### AIM OF THE EXERCISE
Reproduce each line below precisely. Drop the pictures.

### DATASET CONTENT
|---|
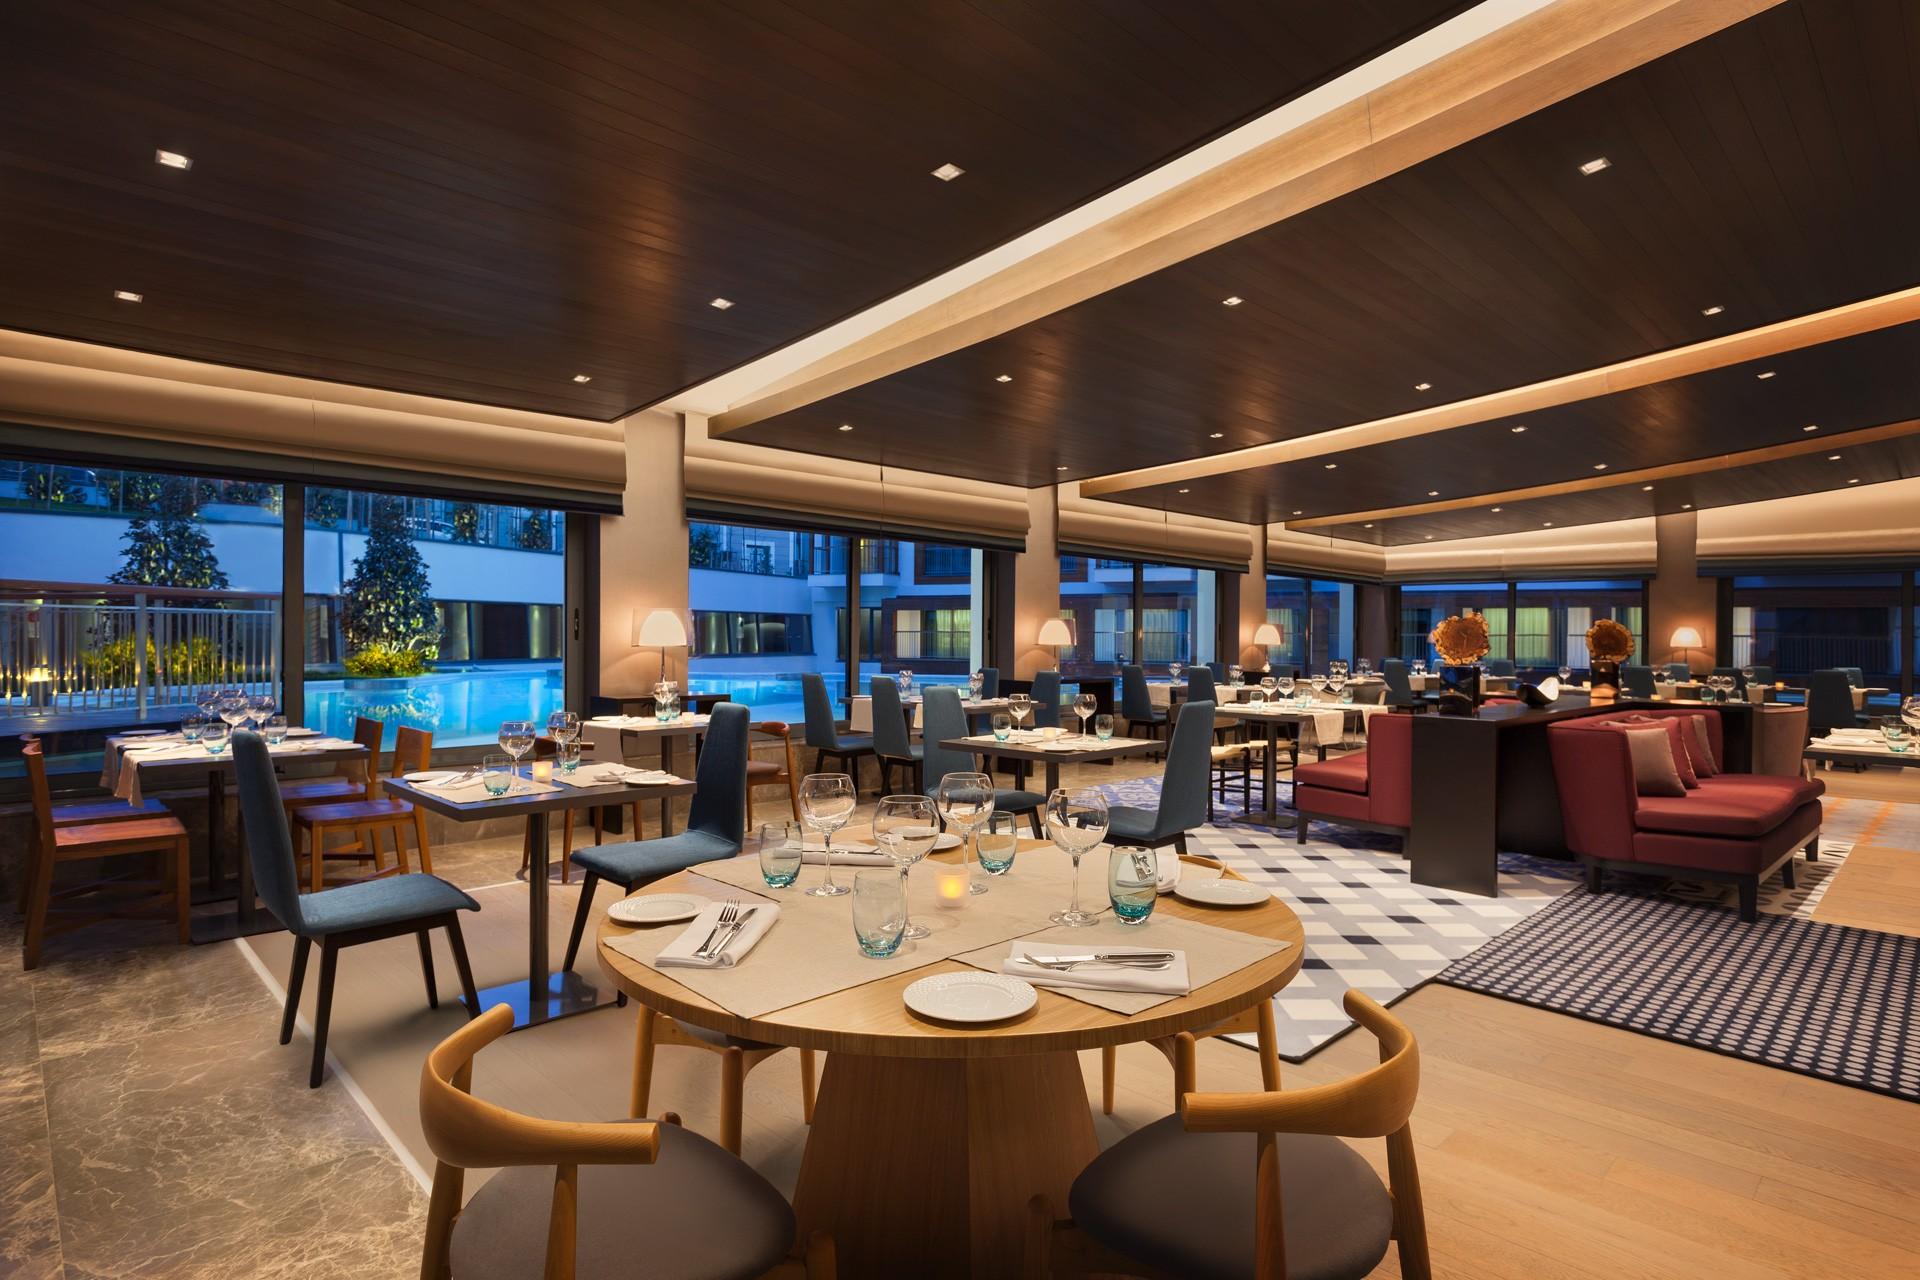 Radisson Blu Hotel Tuzla | Casa Grill Restaurant
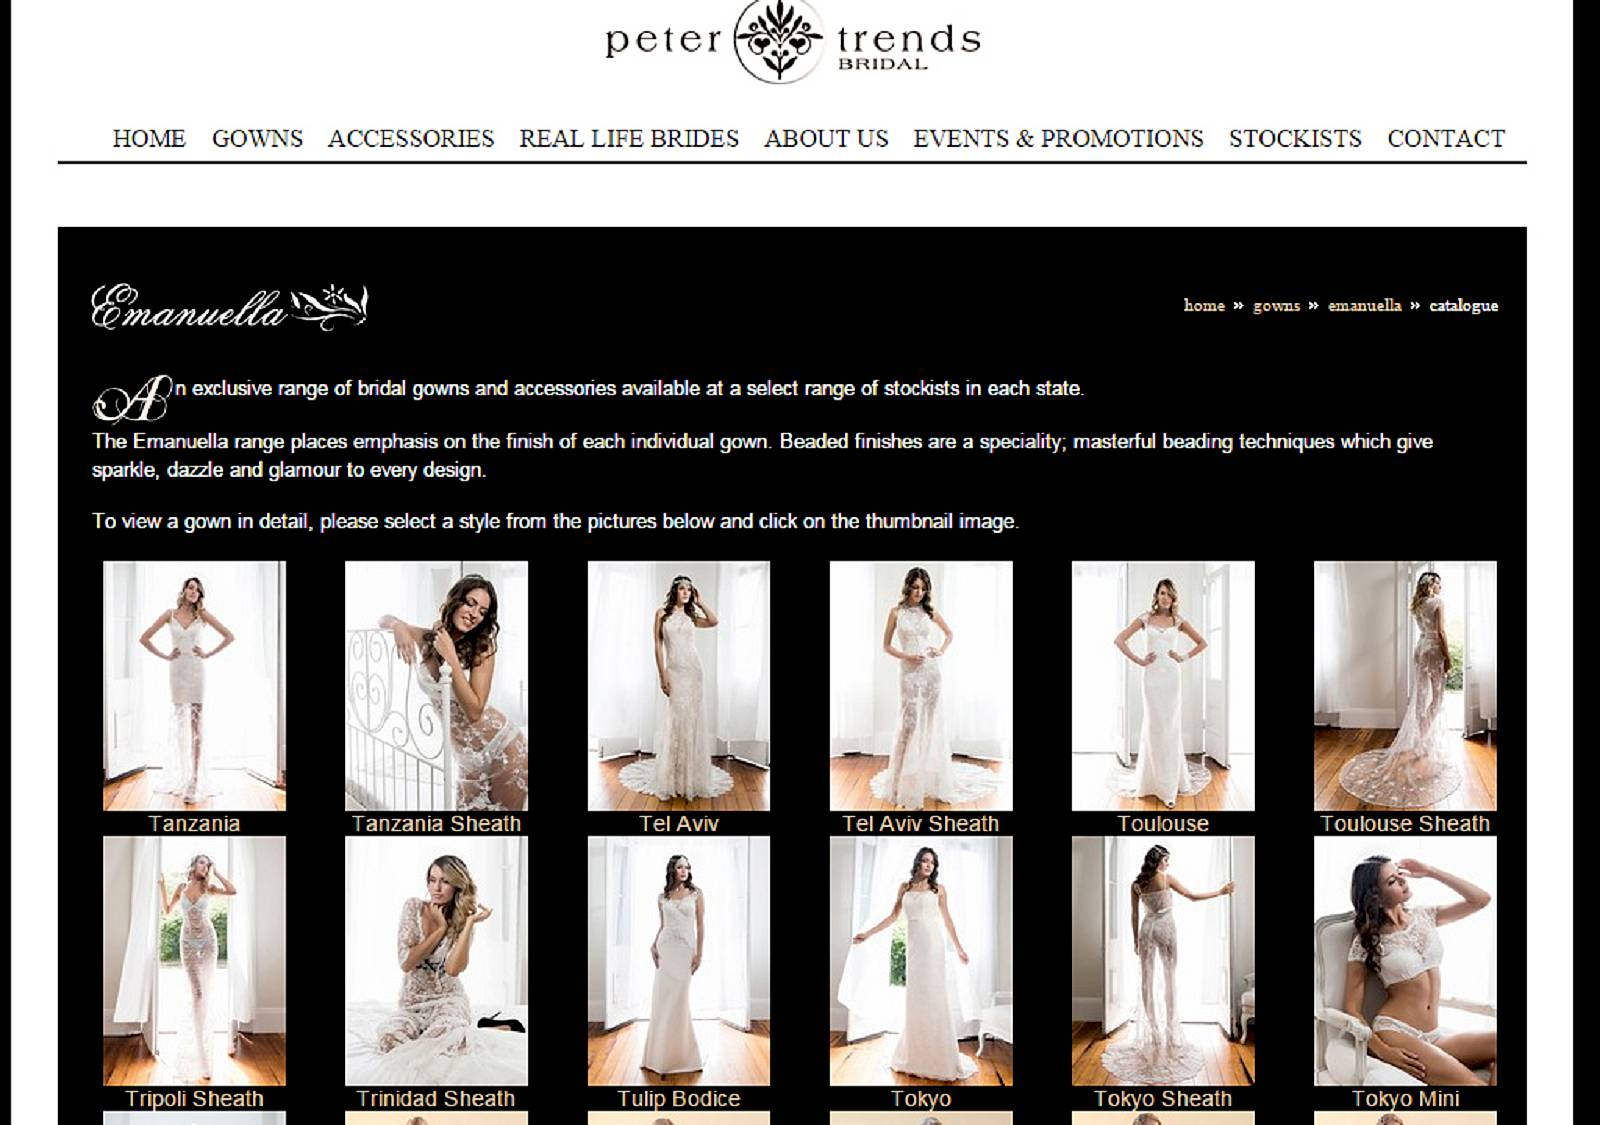 Peter Trends Bridal
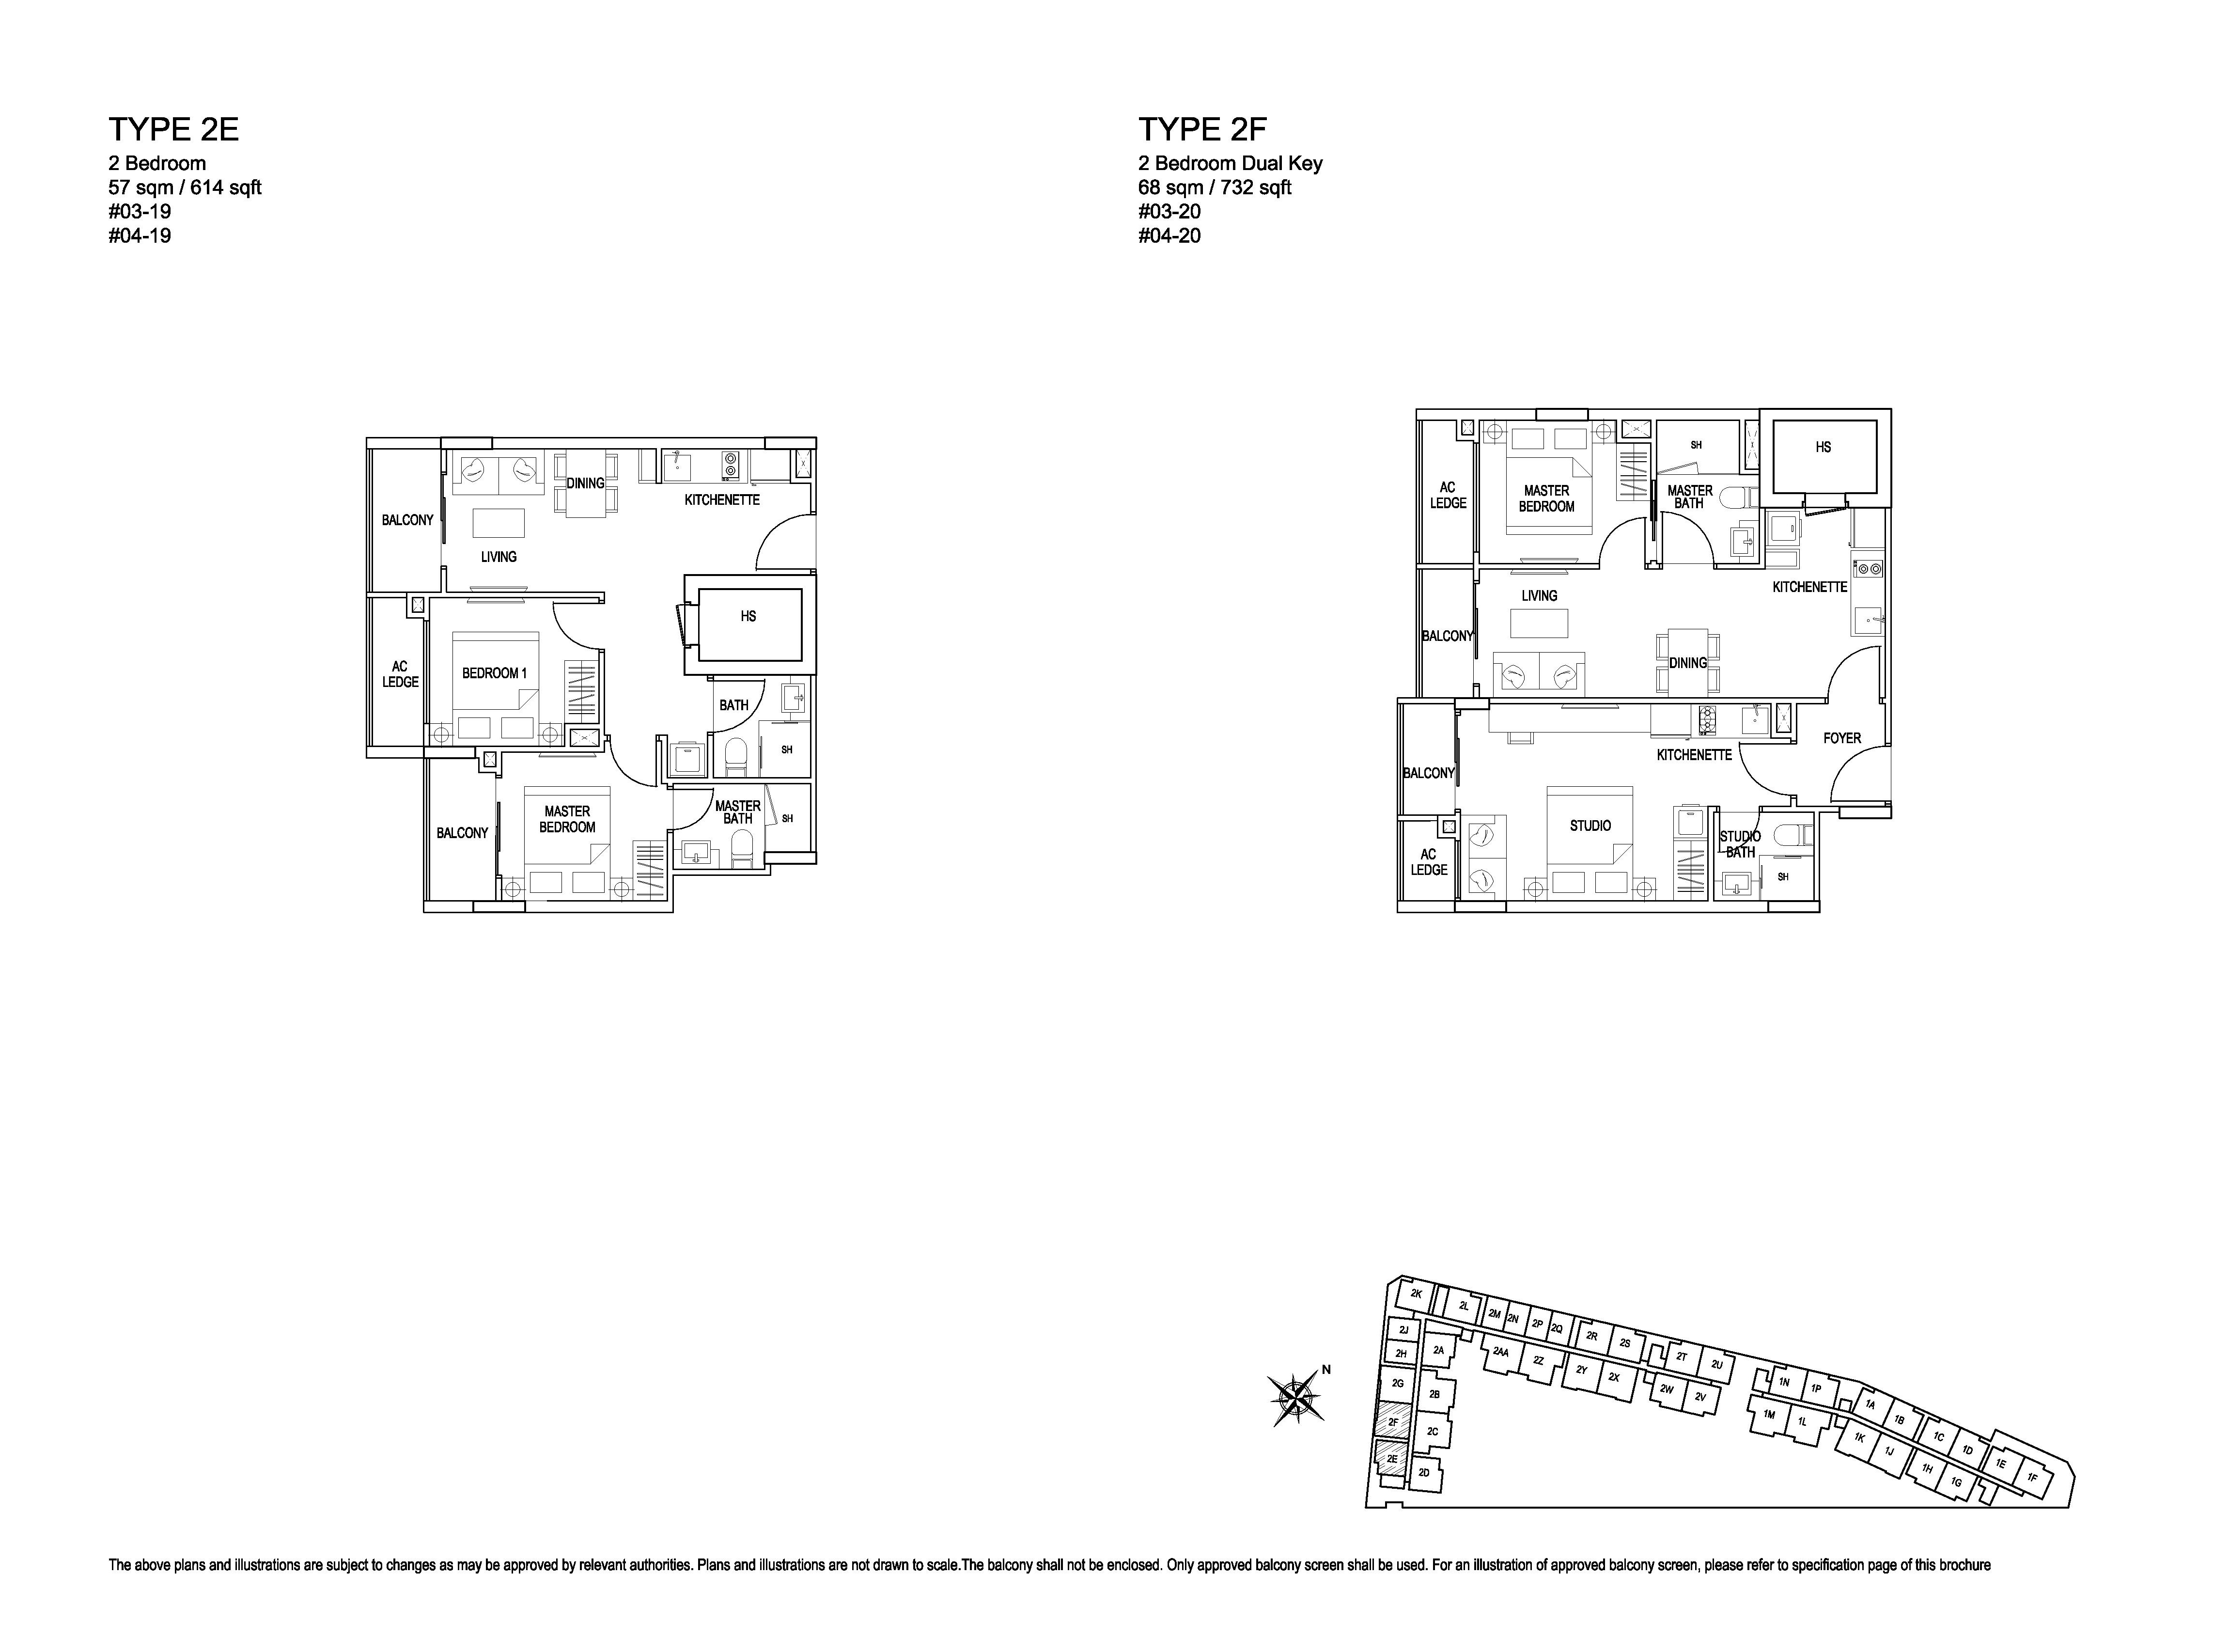 Kensington Square 2 Bedroom Dual Key Floor Plans Type 2F
|---|
### WORKED SOLUTION
 Radisson Blu Hotel Tuzla | Casa Grill Restaurant
 Peter Trends Bridal
 Kensington Square 2 Bedroom Dual Key Floor Plans Type 2F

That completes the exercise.